Dies macht eine Zinssenkung am 7. November natürlich noch wahrscheinlicher, vor allem angesichts der bereits erfolgten Senkung um 50 Basispunkte durch die US-Notenbank über dem großen Teich. Ein ähnlicher Schritt der britischen Regulierungsbehörde wird sich natürlich auch auf das Pfund Sterling auswirken und seinen Wert gegenüber den anderen großen Währungen verringern. Dabei ist natürlich eine weitere Senkung des Leitzinses durch die Fed nicht berücksichtigt, deren Wahrscheinlichkeit das FedWatch-Tool der CME derzeit auf über 90 % schätzt. Vor diesem Hintergrund sollten wir davon ausgehen, dass GBP/USD weiterhin in seiner etablierten Spanne von 1,30 bis 1,33 gehandelt wird, wobei im Falle einer stärkeren Zinssenkung durch die BoE oder einer ausbleibenden Zinssenkung durch die Fed ein Unterschreiten des Widerstands bei 1,30 möglich ist.
Gut für die Wirtschaft
Während die positiven makroökonomischen Daten für das Pfund und die Staatsanleihen neutral bis negativ sein dürften, werden sie für den Unternehmenssektor des Landes sicherlich ein willkommenes Geschenk sein. Die niedrige Inflation und das niedrige Zinsniveau dürften in Verbindung mit einer günstigen Arbeitsmarktsituation die Verbraucherausgaben erhöhen und eine positive Konjunkturentwicklung auslösen, die den britischen Indizes und Einzelaktien Auftrieb verleihen wird. Der FTSE 100 ist seit August bereits um mehr als 3 % gestiegen, und diese Gewinne dürften sich sogar noch beschleunigen, wenn die Zinsen sinken und die Haushalte nach Zahlung der Hypothekenzahlungen mehr verfügbares Einkommen zur Verfügung haben.

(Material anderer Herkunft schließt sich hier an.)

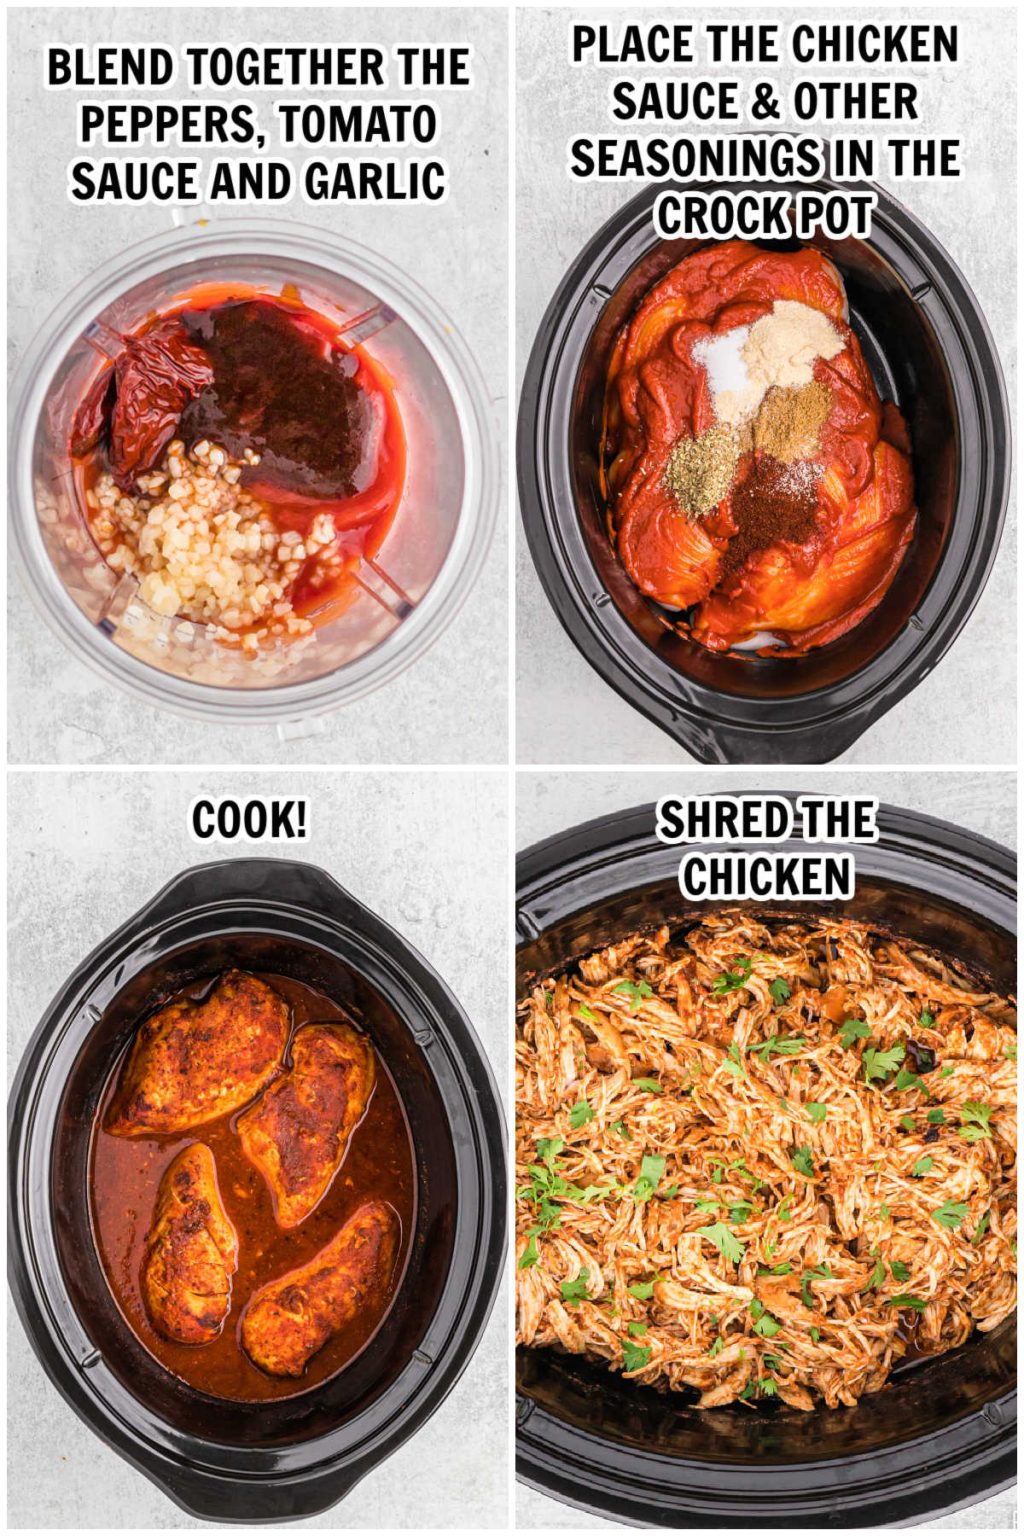 Crock Pot Chipotle Chicken Recipe - Perfect for busy weeknights!

Natürlich wird auch der Herbsthaushalt eine entscheidende Rolle für die Entwicklung des britischen Aktienmarktes spielen, da sich die erwarteten Steuererhöhungen auf Alkohol auf das Gastgewerbe und den Getränkesektor auswirken könnten. Der für die Unternehmen vielleicht beunruhigendste Aspekt des Haushaltsentwurfs der Labour-Partei ist jedoch der Vorschlag, die Arbeitgeberbeiträge zur Sozialversicherung sowohl auf Gehälter als auch auf Renten zu erhöhen, um das "Budgetloch in Höhe von 22 Milliarden" zu stopfen, das die scheidende konservative Regierung in den Staatsfinanzen hinterlassen hat. Dies wird zu einem erheblichen Anstieg der Lohnkosten führen und könnte etwaige Vorteile aus niedrigeren Zinsen zunichte machen. Mit der traditionell günstigen Nikolaus-Rallye von November bis Dezember wird das vollständige Bild frühestens im Januar 2025 klar sein.